Грубостей в «Анне» много – взять хотя бы выклеванные глаза в превратно понятых традициях Лючио Фульчи (в «Люсии и сексе» ротвейлер тоже перегрызал горло ребенку, но это все же происходило за кадром). Я уж не говорю про сомнительную пищеварительную метафору, опоясывающую весь фильм, которая больше подошла бы Кустурице – раньше Медем мыслил изящнее. Он вообще то и дело запрыгивает на чужие территории, чего с ним ранее не случалось (по крайней мере, с такой очевидностью) – так, постылая сцена в блинной, где американизированная Анна смахивает одновременно и на порнодиву Мишель Уайлд, и на актрису Силке из все той же «Земли», вполне могла бы войти в карваевские «Черничные ночи», к вящему ужасу.
Вообще, если разобраться, новый фильм Медема состоит из одних погрешностей. Прескверная драматургия – невнятно прописанный образ Рэмплинг, невесть зачем введенная подруга героини с нелепыми сентенциями насчет того, что все женщины шлюхи, а все мужчины насильники. Все довольно плохо играют – включая птичьи тушки (белки, бегущие вверх по дереву и впечатлившие своим видом даже покойного Кубрика, в свое время удавались Медему лучше). Музыка отвратительная. В довершение в фильме нет ни одного интересного кадра – я никогда не лез с советами по технической части, но даже по моему робкому разумению, нельзя столь неинтересно снимать Нью-Йорк.

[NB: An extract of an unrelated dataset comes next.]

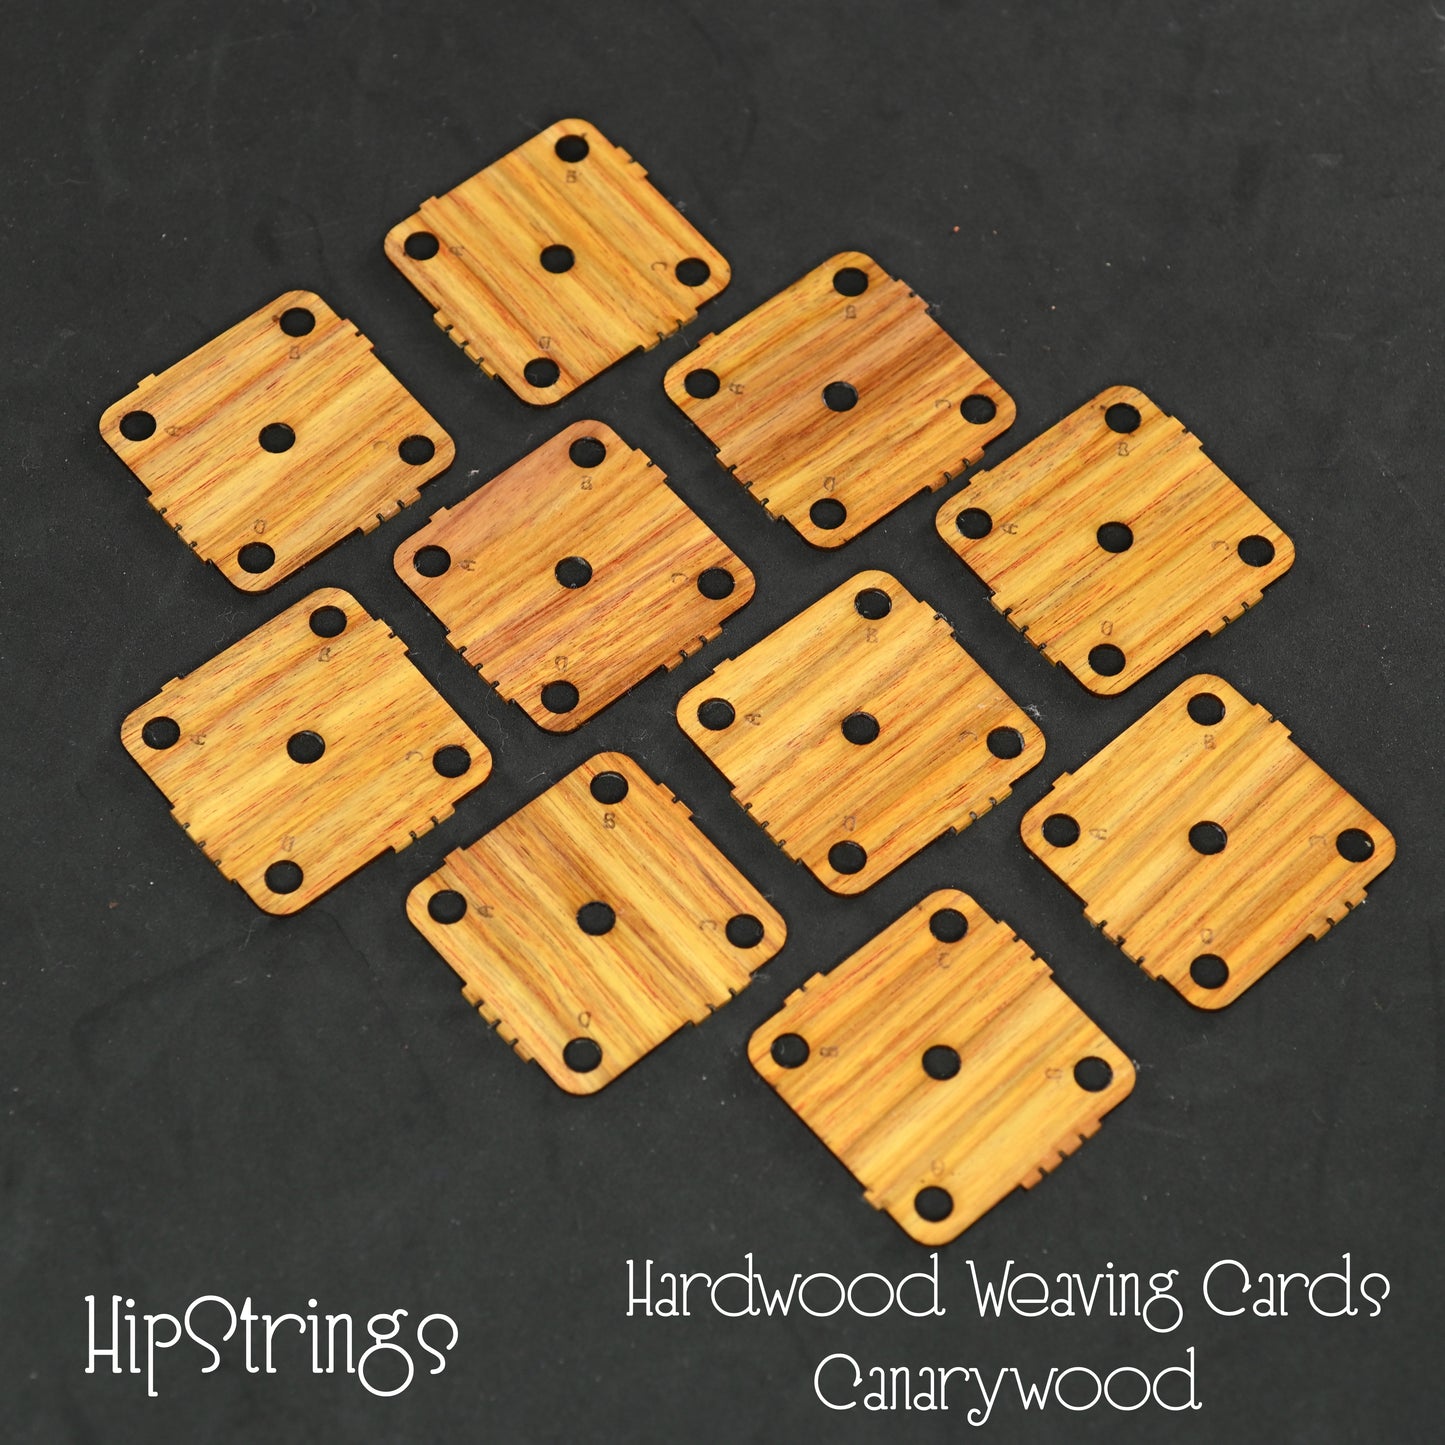 Hardwood Weaving Cards - Set of 10, 1.75 inches

Тогда что проку в этом зыбком кино? Оно, очевидно, дурное, но забыть его не выходит. Все дело в том отчаянном обаянии уходящей натуры, которое живо чувствует сам Медем. Он сам – беспокойный. Он сам – эта натура. С его приступами бесцеремонной катарсичности Х. М. в этом фильме напоминает повара, который пытается напоследок закидать специями уже готовое неповоротливое блюдо. Уже пятидесятилетний (вот поразивший меня факт) Медем снова пробует поверить мир своими нехитрыми палиндромами, что у него всегда так складно выходили. И что ему ответить?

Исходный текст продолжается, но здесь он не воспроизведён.